Comment 7 Nikolai Sednev 2017-07-05 13:17:45 UTC
(In reply to Yanir Quinn from comment #6)
> Seems like a temporary sync delay/issue (maybe due to more heavy duty tasks
> of the SPM host)
> So the explanation can be that the score is decreased by 50 after failing to
> start the HE VM  and after getting the lock it starts and migration is
> eventually successful.
> 
> see in the spm host log : 
> 
> MainThread::INFO::2017-07-02
> 13:51:23,880::hosted_engine::1119::ovirt_hosted_engine_ha.agent.
> hosted_engine.HostedEngine::(_start_engine_vm) Starting vm using
> `/usr/sbin/hosted-engine --vm-start`
> MainThread::INFO::2017-07-02
> 13:51:29,005::hosted_engine::1125::ovirt_hosted_engine_ha.agent.
> hosted_engine.HostedEngine::(_start_engine_vm) stdout: 
> MainThread::INFO::2017-07-02
> 13:51:29,006::hosted_engine::1126::ovirt_hosted_engine_ha.agent.
> hosted_engine.HostedEngine::(_start_engine_vm) stderr: Virtual machine does
> not exist
> Virtual machine already exists
> 
> MainThread::INFO::2017-07-02
> 13:51:29,006::hosted_engine::1148::ovirt_hosted_engine_ha.agent.
> hosted_engine.HostedEngine::(_start_engine_vm) Failed to start engine VM:
> 'Virtual machine does not exist
> Virtual machine already exists
> '. Please check the vdsm logs. The possible reason: the engine has been
> already started on a different host so this one has failed to acquire the
> lock and it will sync in a while. For more information please visit:
> http://www.ovirt.org/Hosted_Engine_Howto#EngineUnexpectedlyDown
> MainThread::INFO::2017-07-02
> 13:51:29,010::brokerlink::111::ovirt_hosted_engine_ha.lib.brokerlink.
> BrokerLink::(notify) Trying: notify time=1498992689.01 type=state_transition
> detail=EngineStart-EngineDown hostname='puma18.scl.lab.tlv.redhat.com'

Which heavy tasks? Pair of hosts with single SHE-VM... Engine was not doing any load/performance or stress tests, only very basic migration from SPM to none-SPM and then back.

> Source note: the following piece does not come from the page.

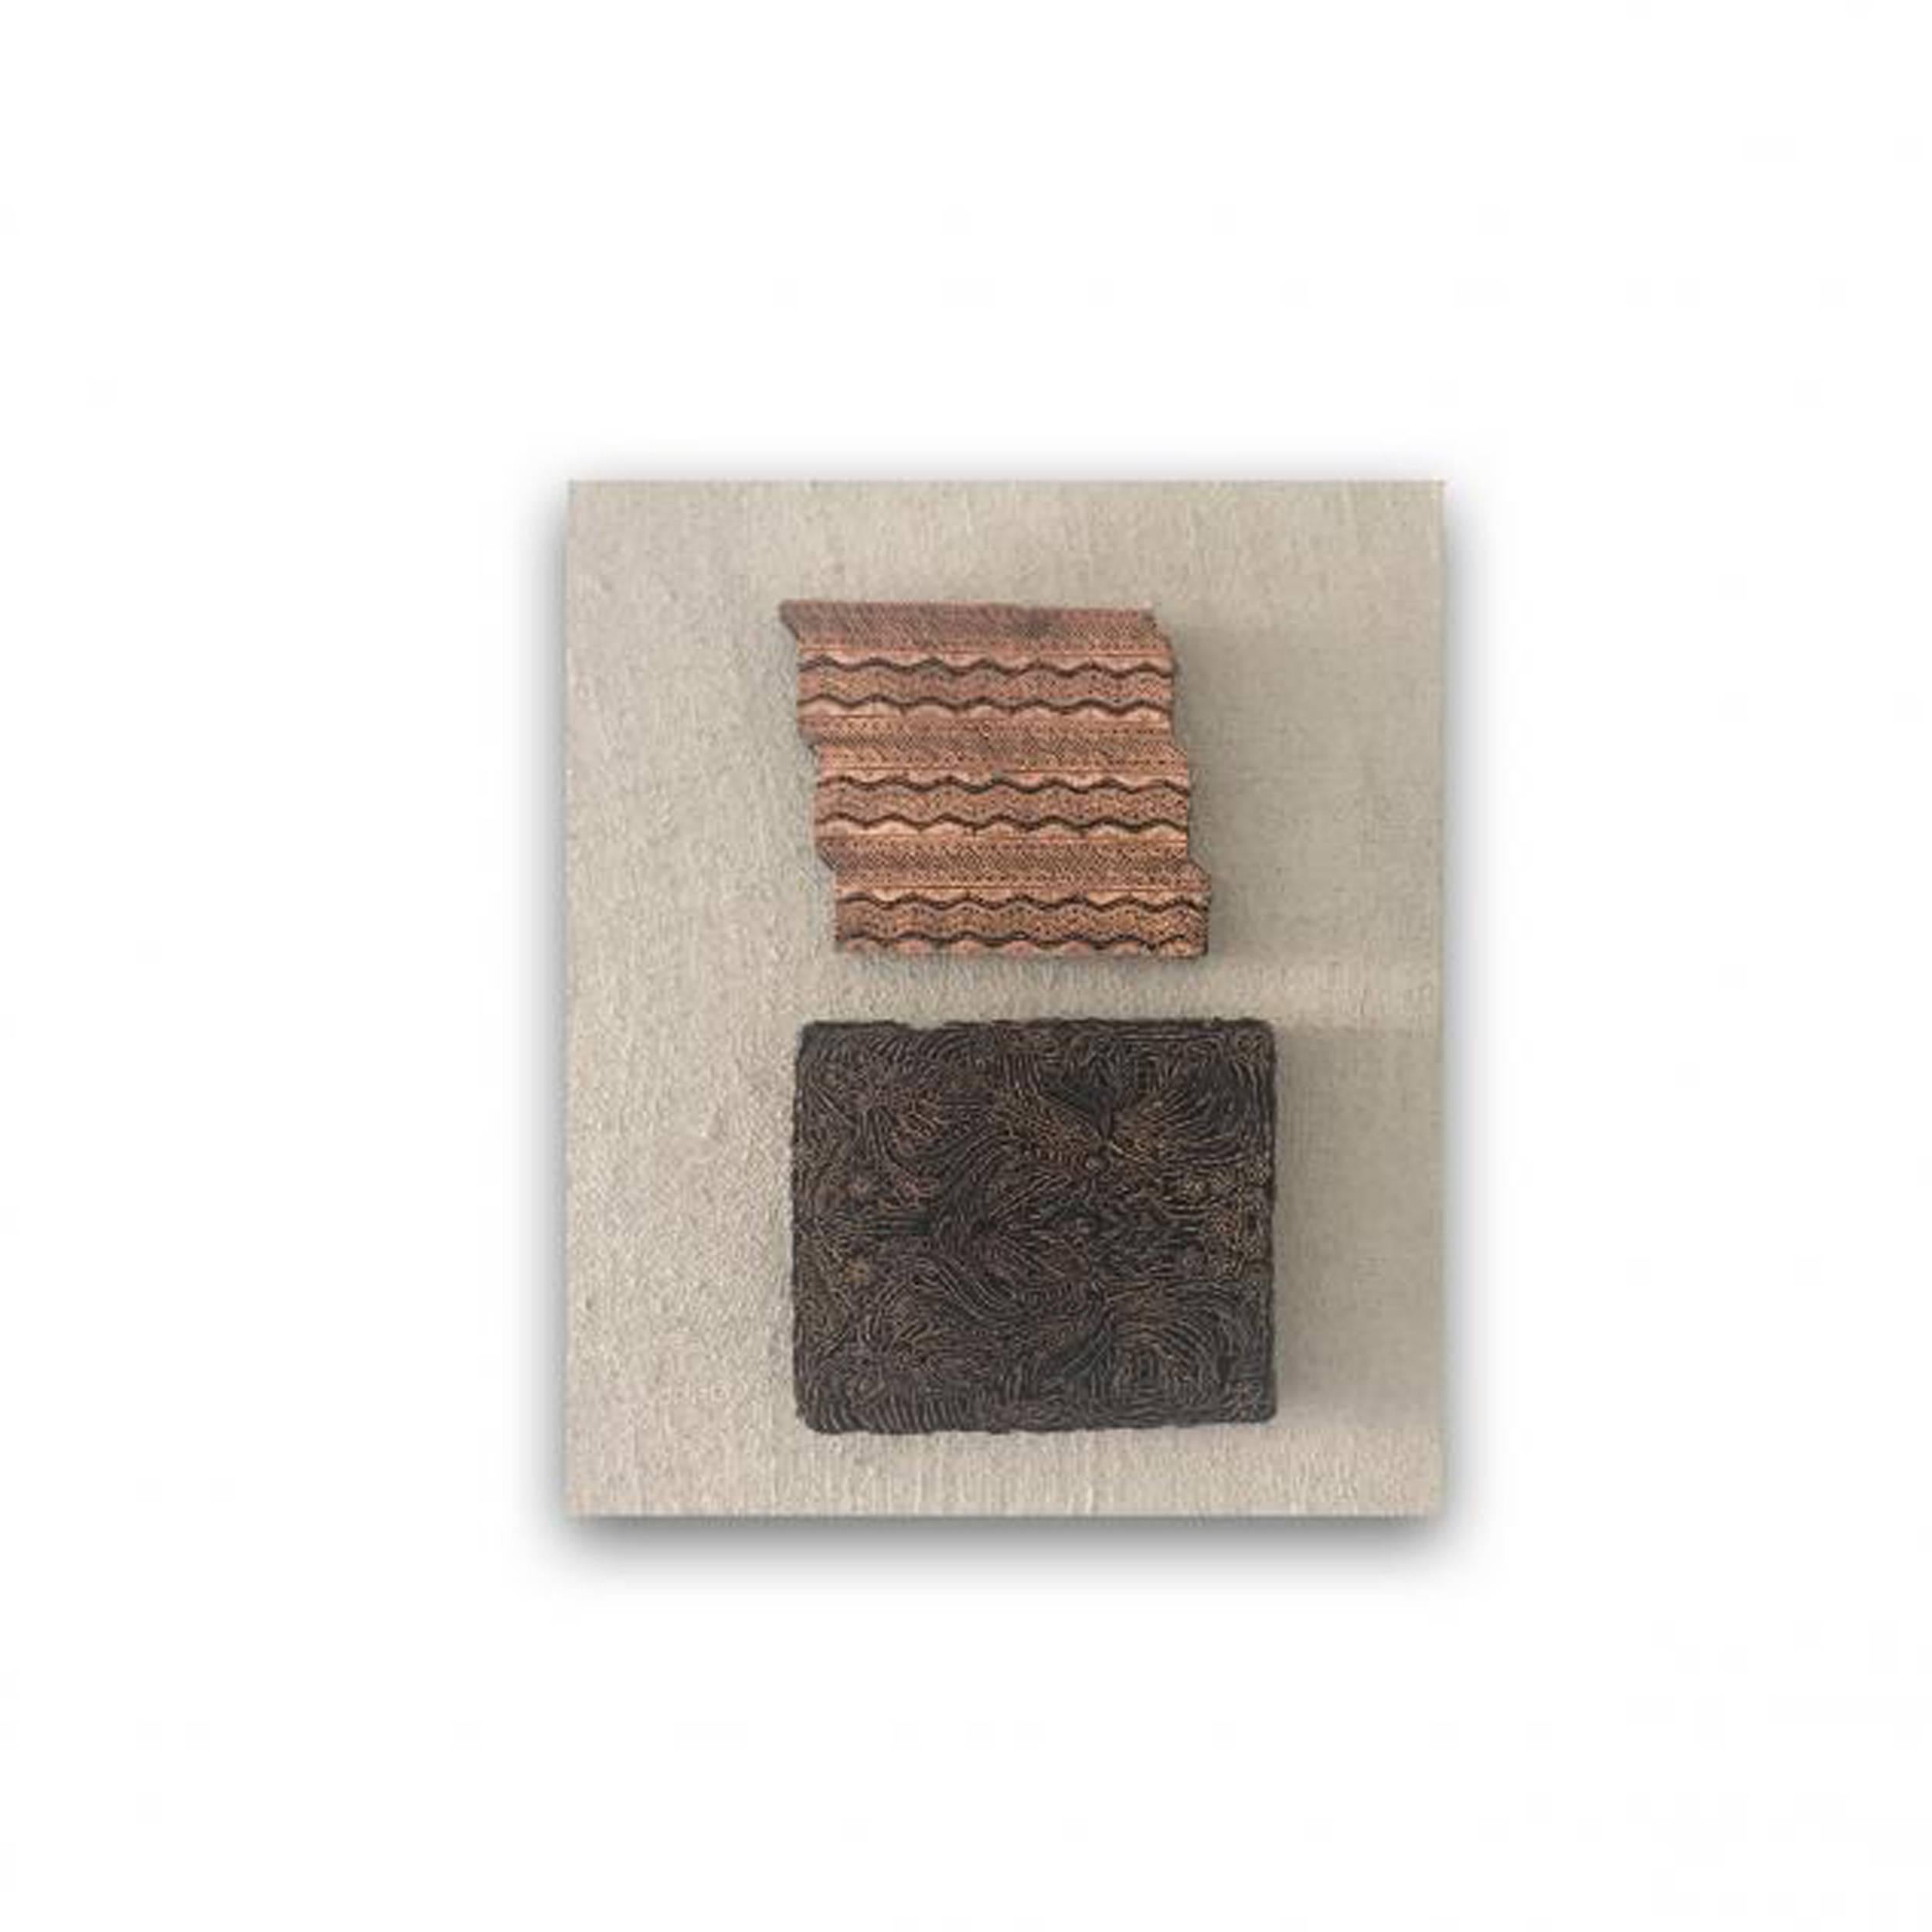 COPPER STAMPS III& IV - Mixed Media Art by Unknown

Comment 9 Martin Sivák 2017-07-10 11:18:26 UTC
This is not a new feature. Not properly documented maybe.. but it was part of the code since the beginning.

See this file from version 1.0.0 (Mar 2014):

https://gerrit.ovirt.org/gitweb?p=ovirt-hosted-engine-ha.git;a=blob;f=ovirt_hosted_engine_ha/agent/hosted_engine.py;h=8ab210808780c7289a33135083a1ea2cb609039f;hb=85fde3305ea11ebd367f63dfed7911ffcd265d74#l594

Comment 11 Yaniv Kaul 2017-08-06 07:43:34 UTC
Is this on track for 4.1.5?

Comment 12 Doron Fediuck 2017-08-06 10:25:21 UTC
The 50 points penalty is by design (and will be better documented).
For now I'm closing this issue. If there's a specific issue around the SPM please open a specific bz with the information on starting a VM there which may be a real issue.